当年冬天,大雪飘飘洒洒,盖住了村子里的每一个角落。秃老五喝多了酒,爷爷叮嘱他不要再打疯女人了。
秃老五点点头,却在爷爷走后一棍子将疯女人打晕了过去。
可怜这个苦命的女人身上穿着单薄的外套,被秃老五直接扔到了柴禾堆里。
第二天天一亮,爷爷跑去秃老五家里,却发现那个可怜的女人,已经浑身冰冷僵硬,活活在雪夜里被冻死了。
爷爷瞪着都是血丝的眼睛,骂道:“你怎么不去死!”从此以后,爷爷再没有去过秃老五家里。
村里没有人知道憨蛋去了哪里,除了我。
我在有一次的出差时候,在南方的一个小县城,见到了憨蛋。
憨蛋给一家大酒店里做服务员,穿着统一发放的衣服,打扮地彬彬有礼的样子。看见了我,拉着我到餐厅里坐下,说要请我吃饭。

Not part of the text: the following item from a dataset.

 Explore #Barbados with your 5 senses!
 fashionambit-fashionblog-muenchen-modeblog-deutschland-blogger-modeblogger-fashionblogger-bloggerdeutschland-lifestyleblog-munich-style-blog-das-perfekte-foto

我等他下了班,带他到其他地方吃了一顿饭。问他,怎么几年都不回家的。
憨蛋却给我说:“哥,我没有家。”
我让他给我留一个电话,他却只报给了我一串数字,说这是他的QQ号码,城里人现在都用这个。
现在秃老五死了,没有人料理他的后事。爷爷滴下了几滴眼泪,说秃老五也是苦命的人,一辈子没享过福,得了尿毒症连个端茶倒水的人也没有。可这又能怪谁呢?
我说我可以去把憨蛋找来。爷爷点点头。
第二天我搭乘长途客车去了憨蛋那个小县城。憨蛋没有换地方,我很容易就找到了他。
“哥,我不回去。我没有家。我爸爸早就死了。”
我告诉他:“这是你尽孝的最后一次了。回家给你妈妈磕几个头吧。她太苦了!”
憨蛋忽然哭了。我帮着他去向领班请了假,领班儿收下了我给他的一包黄鹤楼香烟,笑眯眯对我说,以后常来吃饭。

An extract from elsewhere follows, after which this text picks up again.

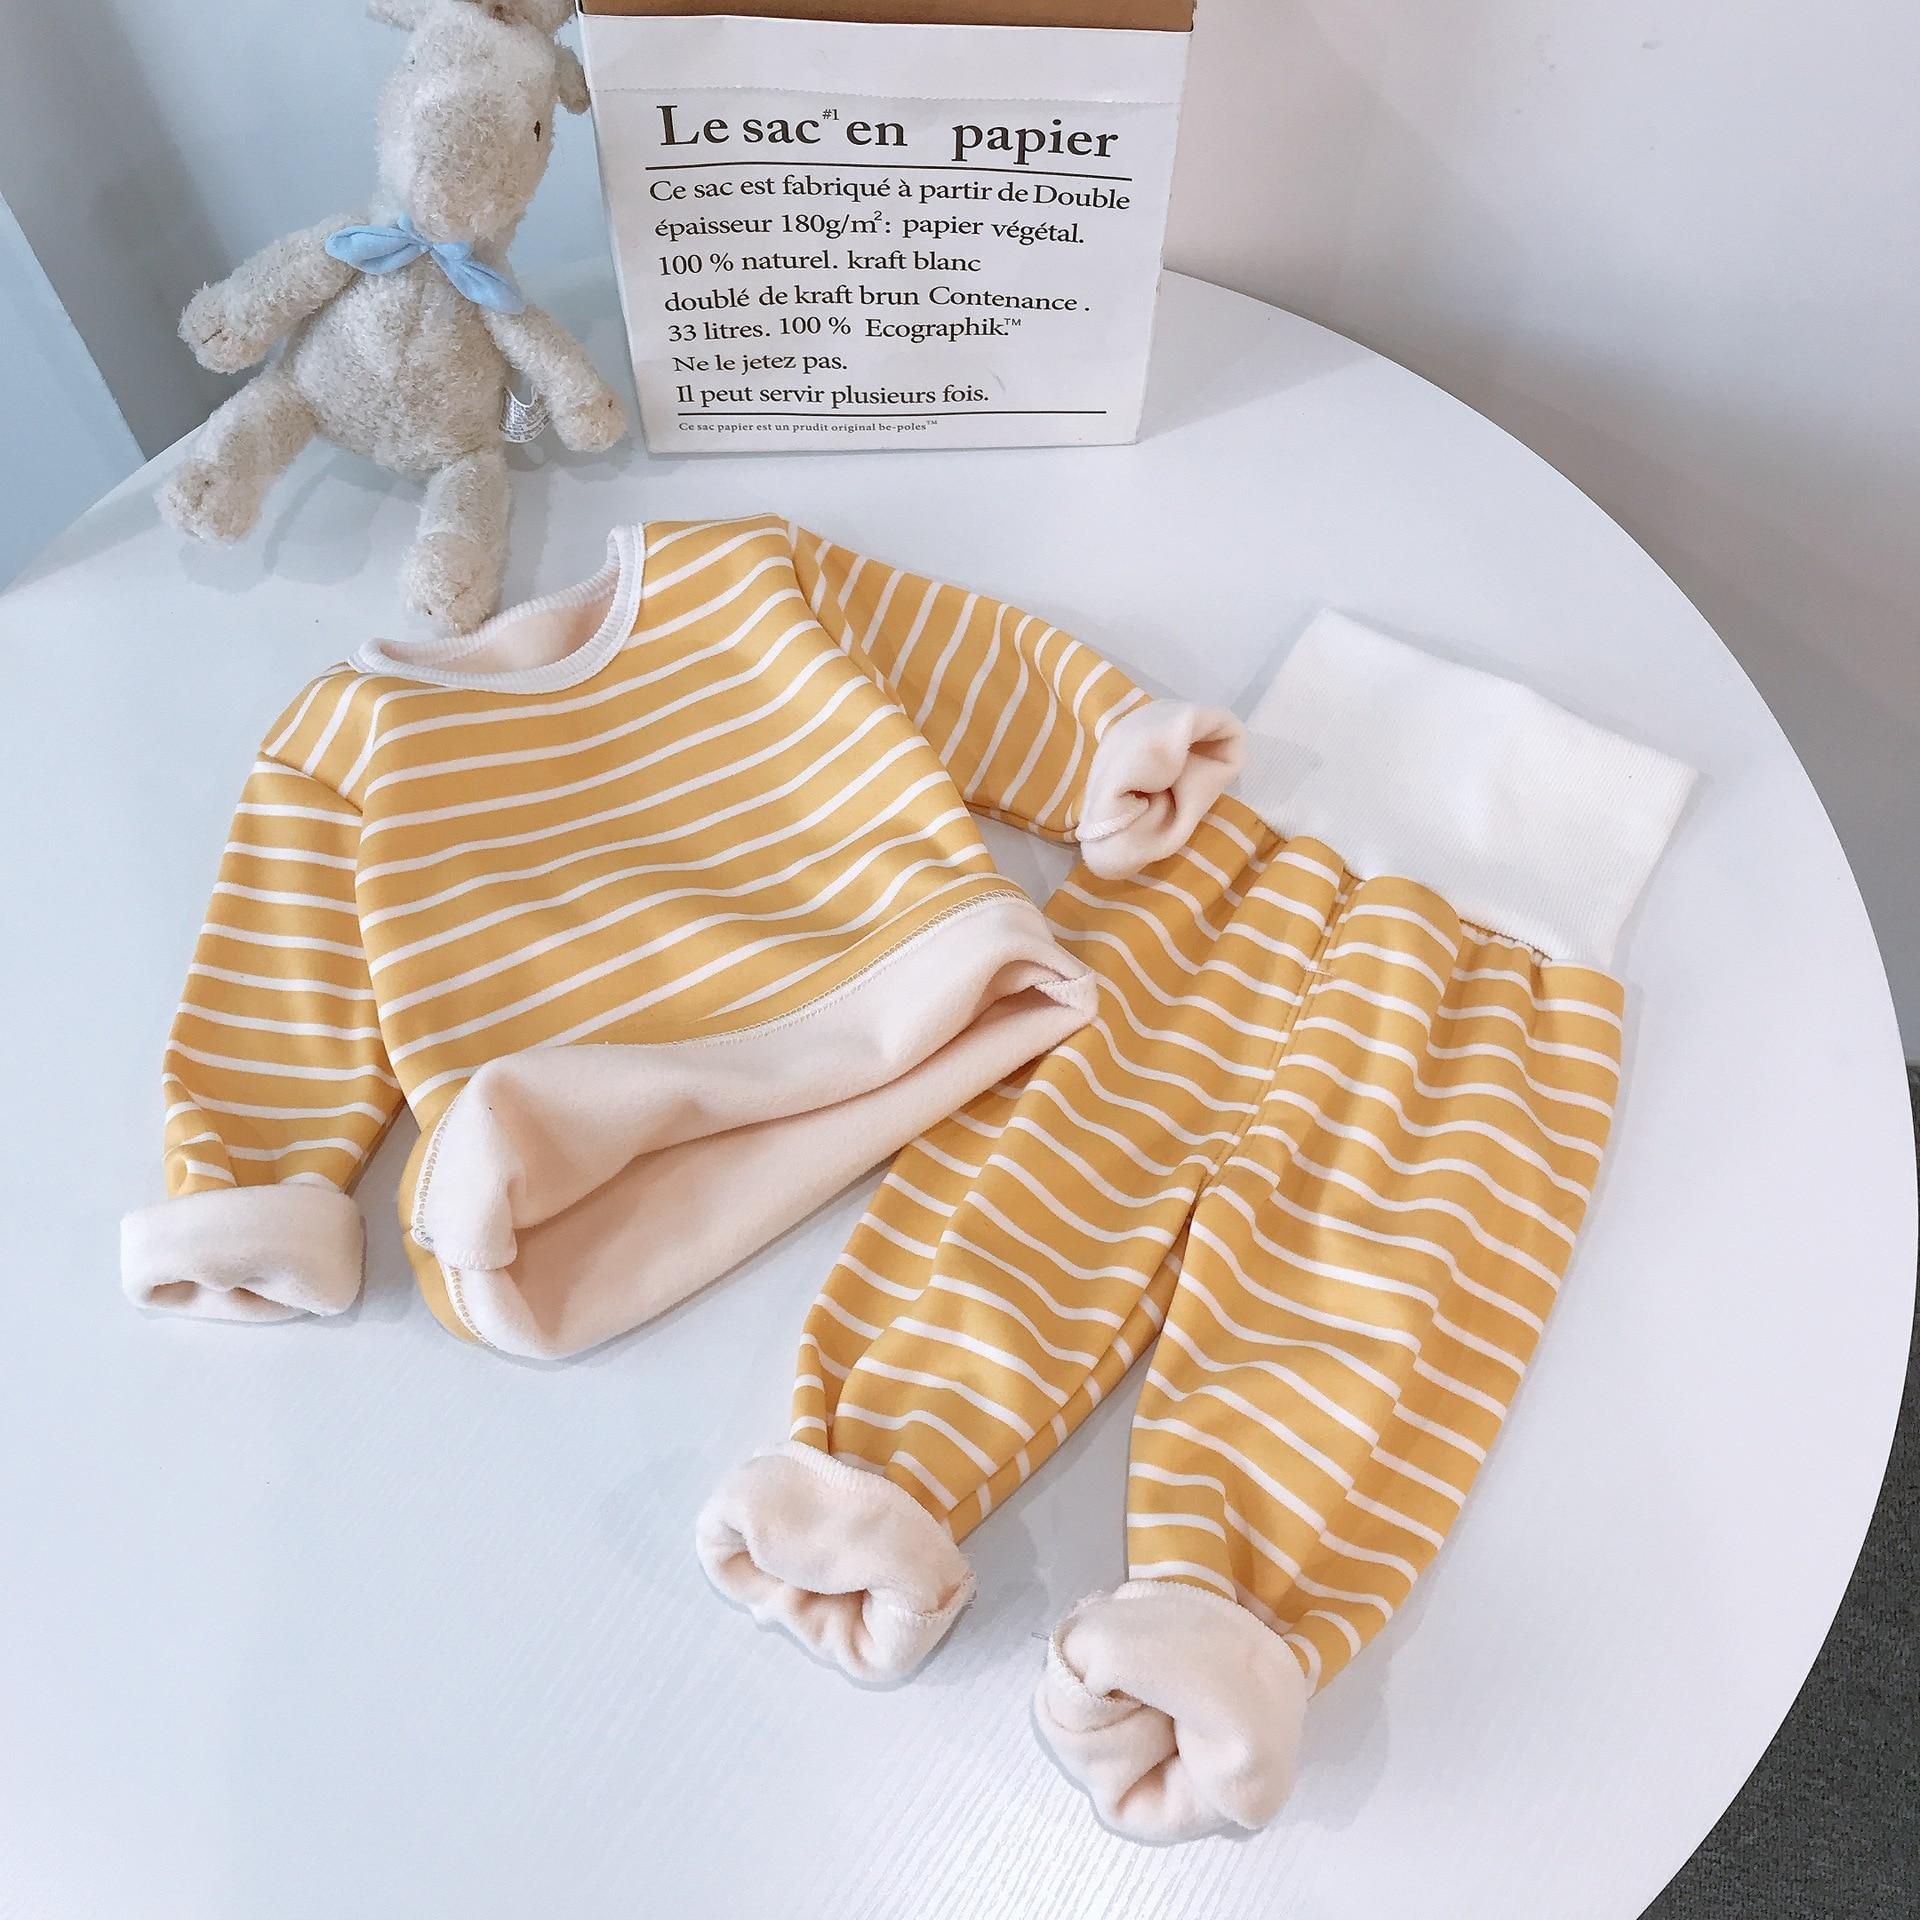 Children Pajamas Sets Baby Boys Girls Clothing Sweatshirt Waist Pants Set Toddler Warm Autumn Winter Outfits Kids Suit Clothes 5

没有葬礼,没有宾客,只有漆黑的棺材,装着秃老五的骨灰,埋到了后山山脚下。
憨蛋在坟前磕了三个头,一滴眼泪都没有掉。我带他去了她母亲的坟前,憨蛋哭成了泪人,鼻涕一把眼泪一把,把头埋在土里,久久抬不起来。
等我送憨蛋回到酒店里,憨蛋执意要请我吃饭。我说,好,但是我不要你服务。你买些酒菜,我们去公园里吃。

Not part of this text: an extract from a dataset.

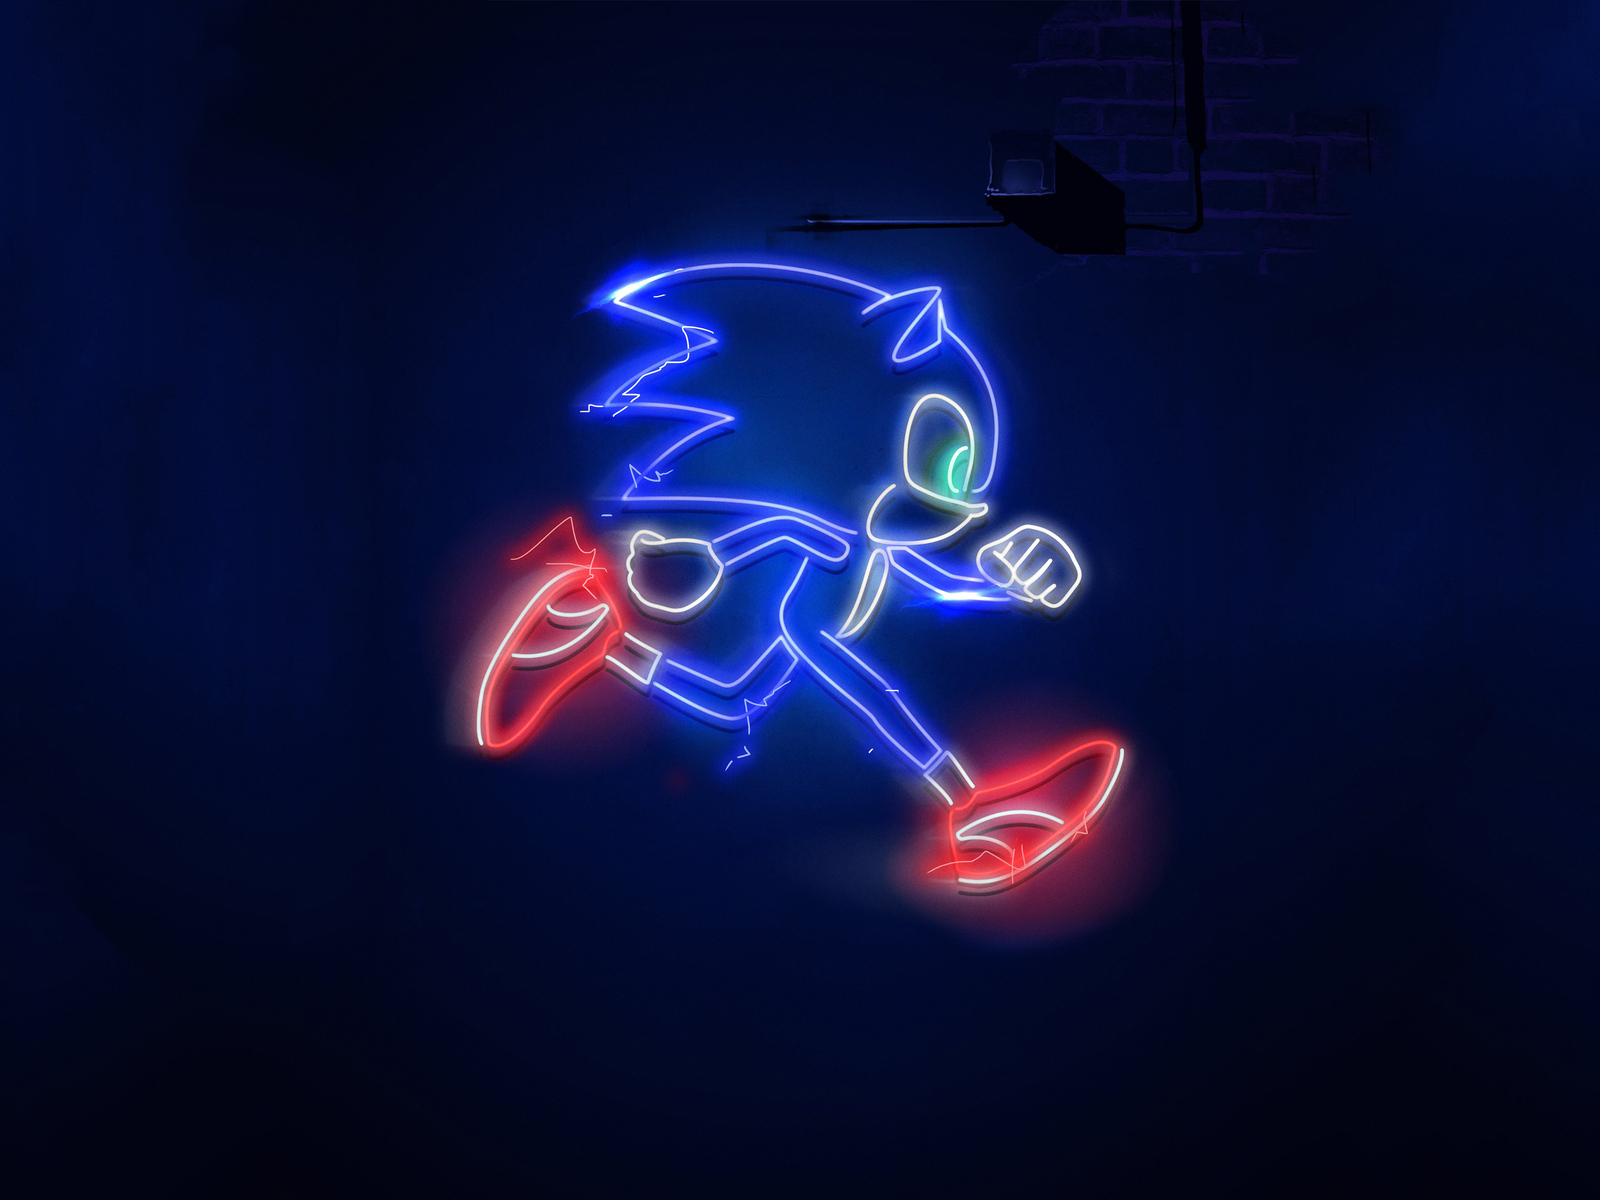 sonic-the-hedgehog-movie-4k-2020-3b.jpg

憨蛋依然很听话,买了卤肉熟食,还有一提啤酒,带着我到了一个很少人去的江边的公园。公园里有长长的石凳,我们坐在上面,静静地喝酒。
“你爸爸是得了尿毒症去世的。”我告诉憨蛋。
憨蛋忽然把嘴一撇,说道:“我还以为是坏事做多了,被雷给劈死了。”
我看着不过才二十出头的憨蛋,问道:“你一直在这里?”
憨蛋笑了,说道:“哥,我又不像你是个大学生,有文化。我十五岁出来,一开始就去了电子厂,人家嫌我小,不要我。
我就去酒店里给人洗碗。后来,就不知道该去哪里了,洗碗、拖地,后来就做服务员。也许将来有一天,我也可以炒菜了。”
我看着他,说道:“你爸爸倒是炒的一手好菜。”
憨蛋忽然有些烦躁,语气里竟有点厌恶,说道:“我没有爸爸。他是坏人,害死了我妈。”
“你知道你妈妈怎么死的么?”我问她。
憨蛋低头说道:“有人告诉我了,说是被他打晕了,夜里冻死了。现在他死了,这叫报应。是不是报应,你说是不是,哥?”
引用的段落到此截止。